The potted history of the setting is that said crocodile has been alive since the Triassic period. During its life it has roamed far and wide across oceans, seas, and freshwater systems, and created a memory palace to store its knowledge of all the things that it has seen. But it has recently gone into a period of quiescence - a long slumber in its old age. During its sleep it slowly sifts through its memories, and dreams about its life, as it slides inexorably but glacially towards death.
Approximately 50,000 years ago the Naacals, the inhabitants of the lost continent of Mu, discovered the sleeping crocodile in a small freshwater lake (in what we now know of as New Guinea). A group of their philosopher-mages discovered a mechanism for entering its memory palace. They used this as a means of escaping an apocalypse which they were predicting, and they moved into the memory palace wholesale. There they constructed a city ("The Unremembered City", because it was the only thing in the memory palace which the crocodile did not actually remember) and used it as a base to explore. They discovered that the crocodile's "palace" is really a world: a huge ocean full of strange lands, beasts and places which the crocodile remembers - and which have slowly become warped and strange over the many millions of years which separate the actual events from the memories themselves.
The apocalypse came and caused the continent of Mu to sink beneath the sea, leaving only remnants of the original Naacal civilization behind (who went on to find civilizations in India, Egypt and Mesoamerica). But the Naacals in the crocodile's memory palace continued their exploration and colonisation of the lands they found there, and created a new civilization of their own within it.
However, since time stands still in the world of memory, these Naacals effectively became trapped in a static environment. As much as they enjoyed exploring the memory world, and constructing things within it, they eventually became bored, listless and decadent, and finally their civilization too collapsed. A few remained sleeping in The Unremembered City; others scattered across the memory world to pursue esoteric goals and lost contact with one another.
Fast forward 40,000 years in the outside world and newcomers came upon the crocodile and entered its memories.

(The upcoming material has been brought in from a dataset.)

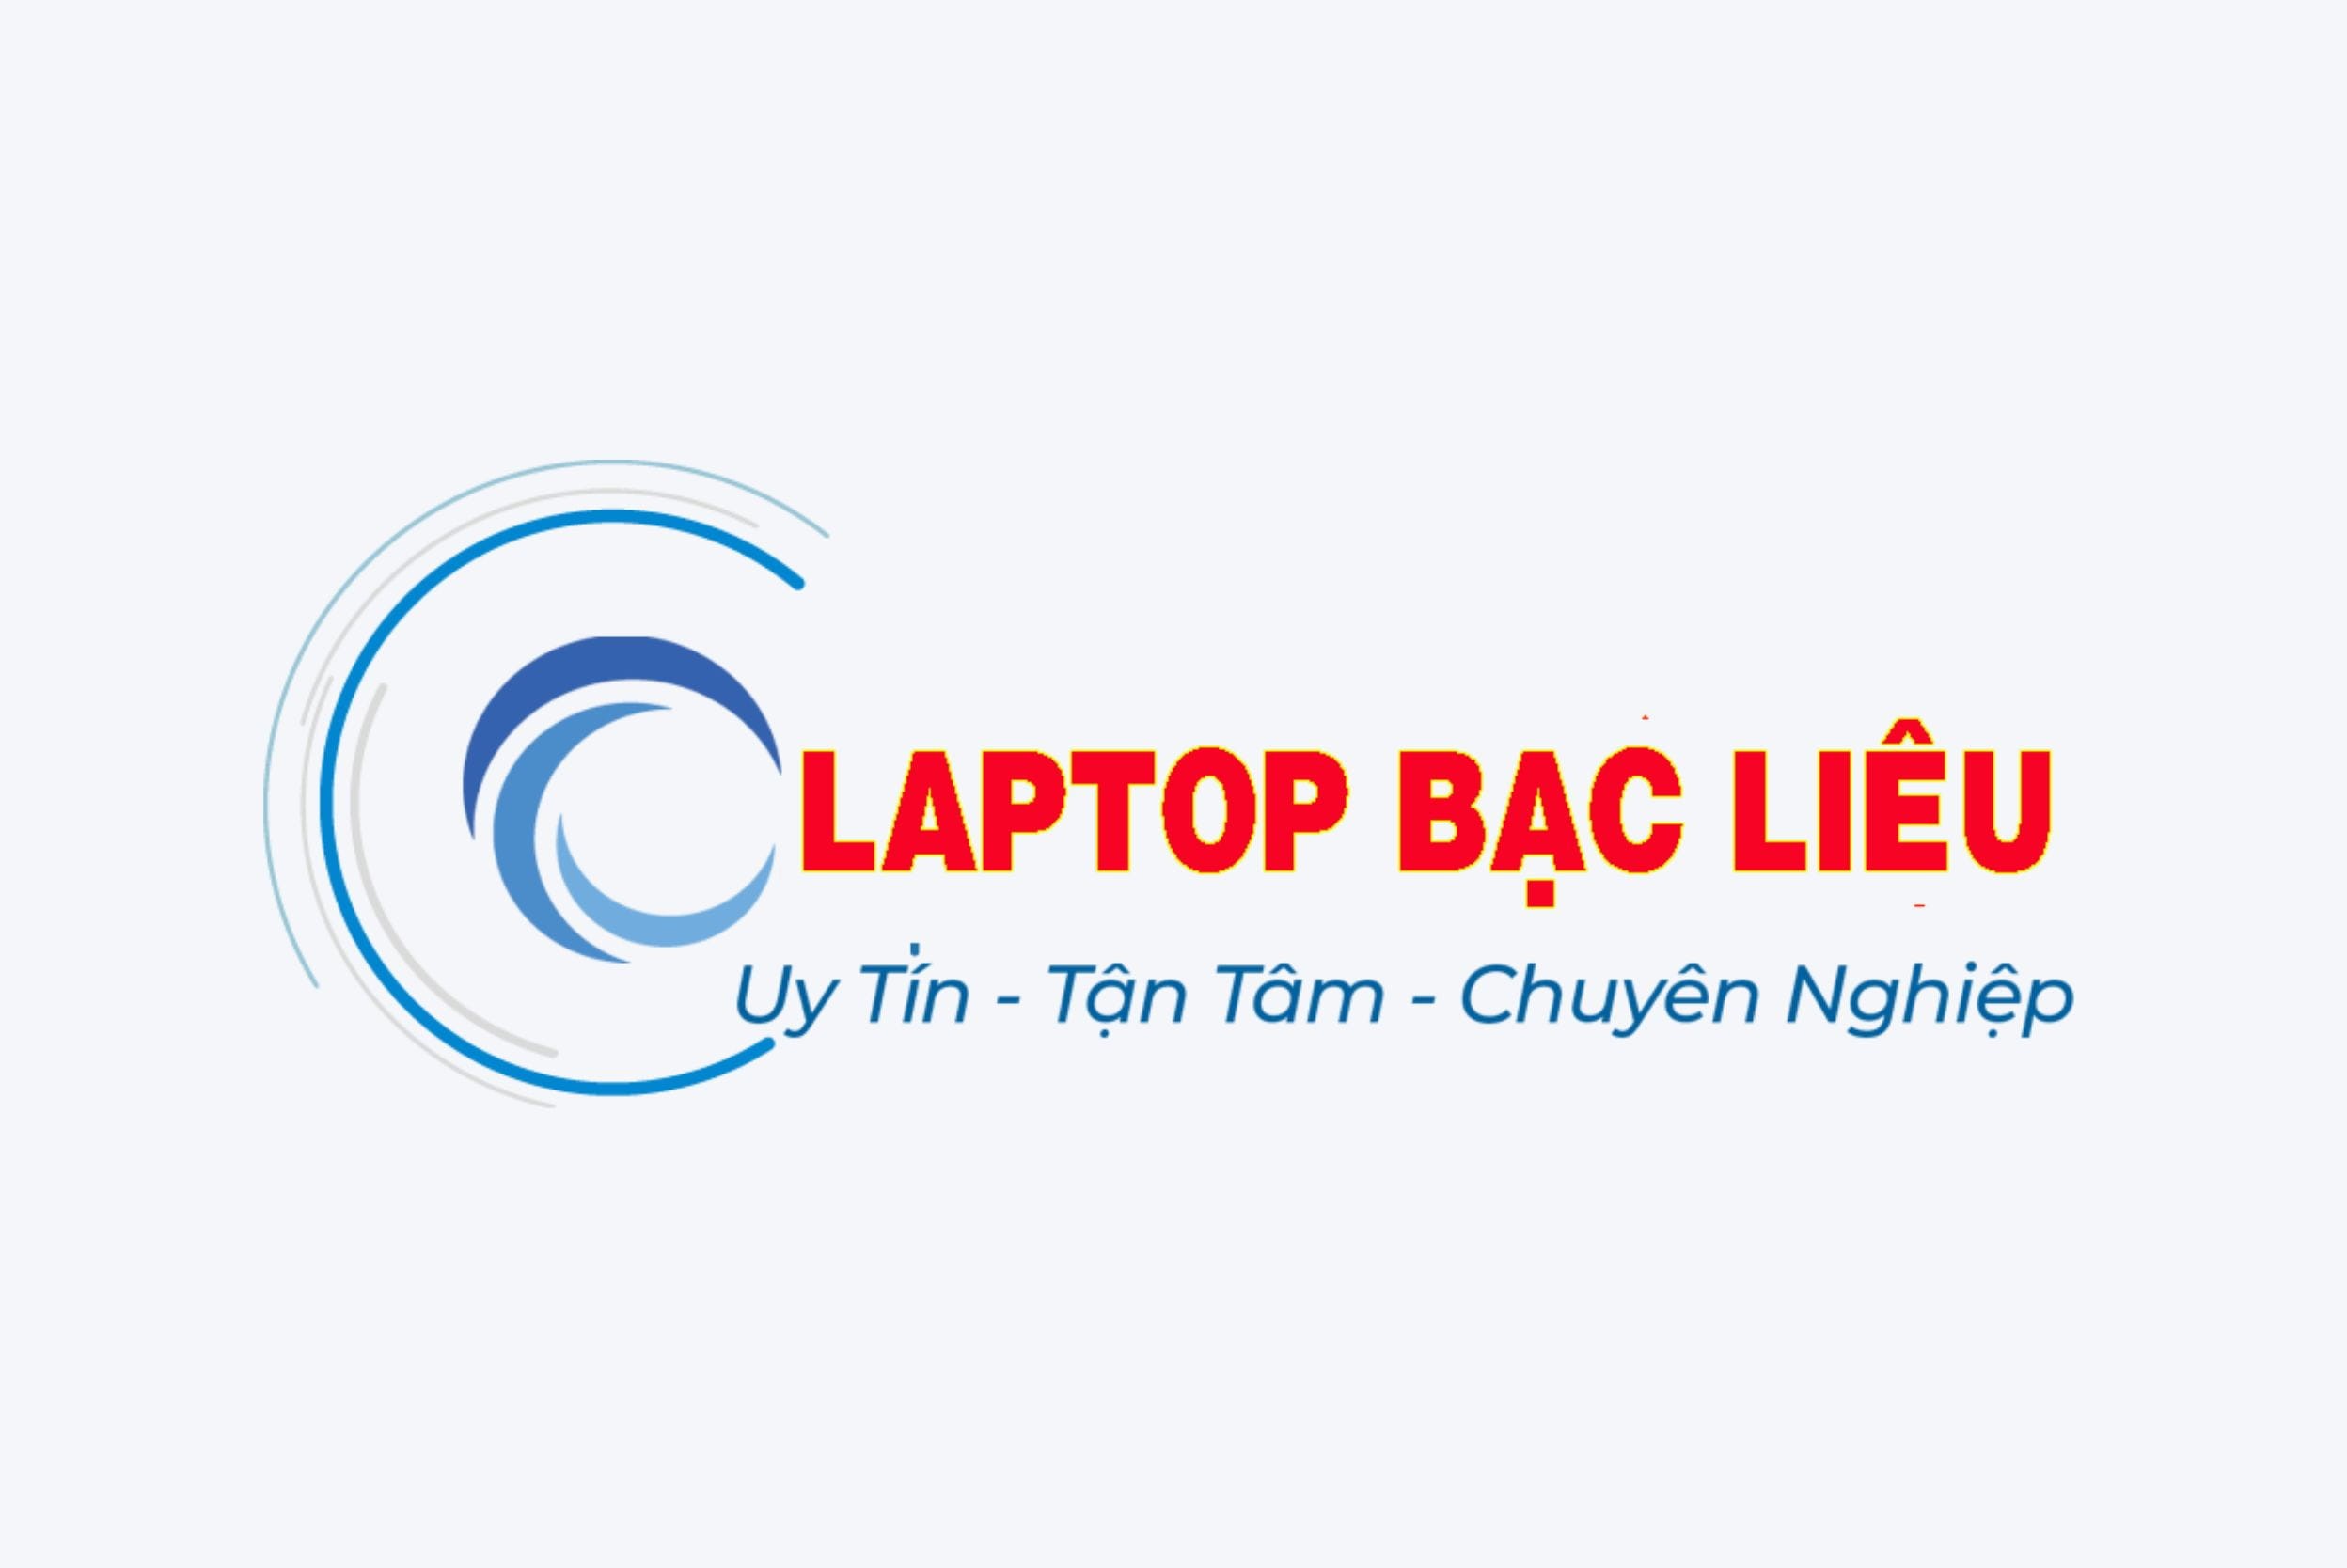 laptop-bac-lieu-logo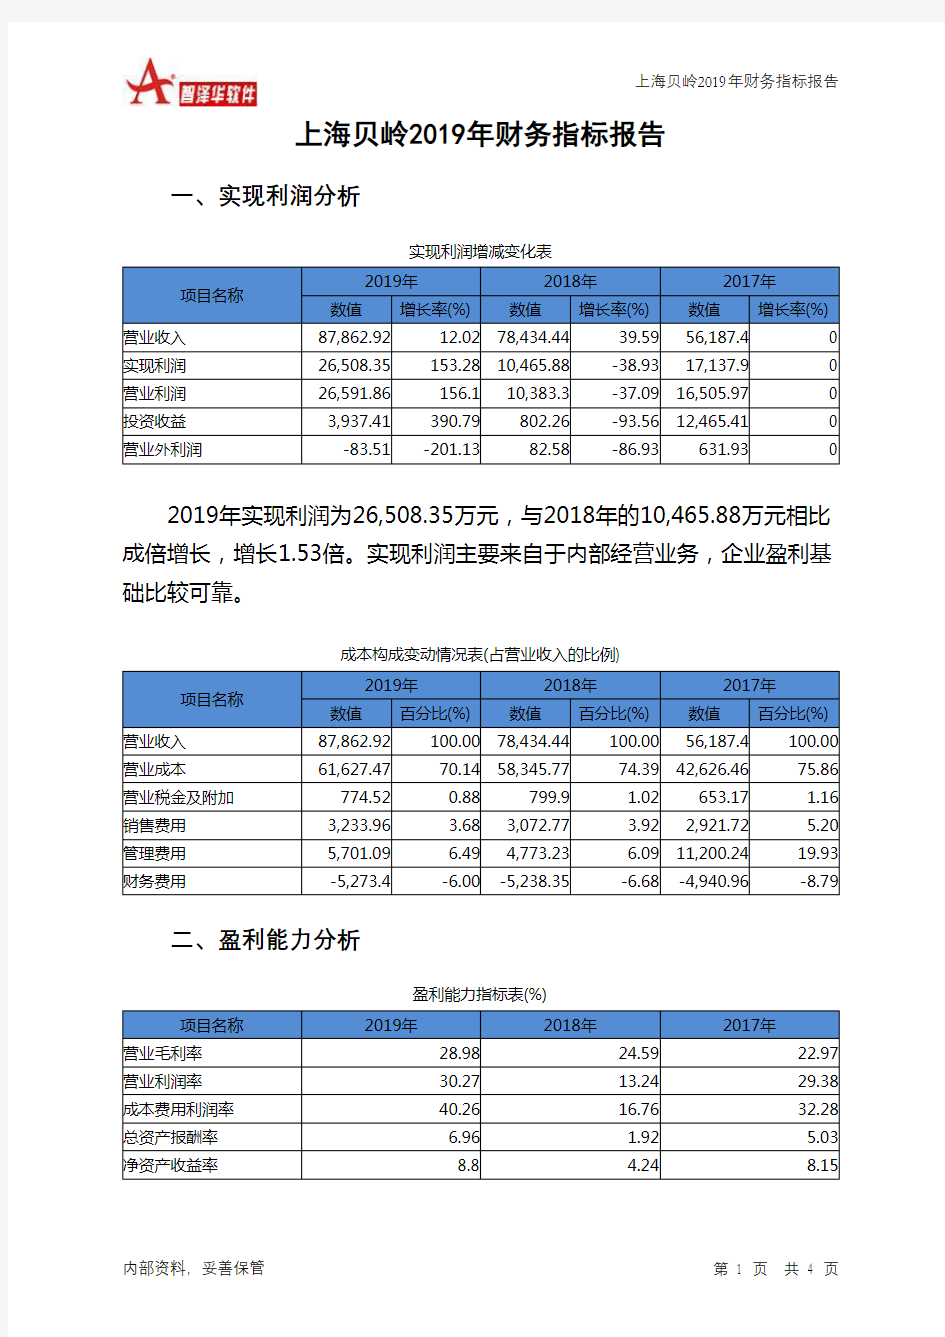 上海贝岭2019年财务指标报告

In order, they are:
- Xu Fu - an ancient Chinese magician/courtier/sage who went in search of the Elixir of Life at Mount Penglai
- Pape Jan - an Ethiopian king who went to spread the word of God among the heathens of Asia
- Abu Yaqub al-Sijistani - a Persian Neo-Platonist who went abroad to spread Truth
- Anak Wungsu - a Balinese merchant who went searching for new luxuries to trade
- Jorge de Menezez - A Portuguese conquistador who was wrecked in New Guinea after a life of rapine and slaughter in the Spice Islands
- Ebu Gogo - a diminutive hominid from one of the Spice Islands whose people were all massacred by conquistadors, who fled and began looking for a new home
- Sese-Mahuru-Bau - a New Guinean hunter who went into the jungle to search for a dowry to give to the father of his beloved
Each of these people came to a different region of the memory world and began to transform it inadvertently in their own images, implanting their own needs, desires, hopes and fears within it - so that their individual goals began to transform they stuff of the world itself and warp it into something else entirely. So:
- Xu Fu came to an area of placid sea dotted by tropical islands and discovered within it Mount Penglai - an impossibly tall mountain inhabited by dragons, a phoenix, and other creatures from Chinese folklore, as well as things and peoples that he saw on his journeys around the Pacific Rim
- Pape Jan came to an area of bushland featuring the crocodile's memories of early humans, and discovered within it tribes of pagans, each with their own devout belief systems, and each in need of conversion; he also found there Solomonic or Goetic demons
- Abu Yaqub al-Sijistani came to the crocodile's memories of the aftermath of the meteor strike which killed the dinosaurs, now inhabited by the surviving avian dinosaurs and the ghost and wraiths of those that died, and discovered in the midst of the chaos all of the Neo-Platonic philosophers pursuing theurgy
- Anak Wungsu came to a shallow sea where in the distant past the crocodile witnessed ziggurats constructed on the seabed, made by aliens, and introduced the notion of commerce to the remembered alien civilizations there
- Jorge de Menezez came to the crocodile's memory of an ancient Atlantean city which the crocodile mistakenly believed to have been inhabited by birds, and found it to be a new place to raise an army with which to carry out further conquests and set himself up as ruler of the world
- Ebu Gogo came to the crocodile's memory of the carboniferous swamps of distant eons, and there began to breed with the amphibian inhabitants to create species of hybrid spawn to be her new people
- Sese-Mahuru-Bau came to the crocodile's memory of an ice age, and transformed it into a hunting ground dotted with patches of mountainous jungle amidst the glacial ice
And also, inadvertently, these intruders also awakened the Naacals sleeping in The Unremembered City - who have now woken to discover a world very different to the one which they had originally discovered. The PCs are from the younger generations of these Naacals, who have now once again begun to reproduce and spread across the crocodile's much transformed memory palace.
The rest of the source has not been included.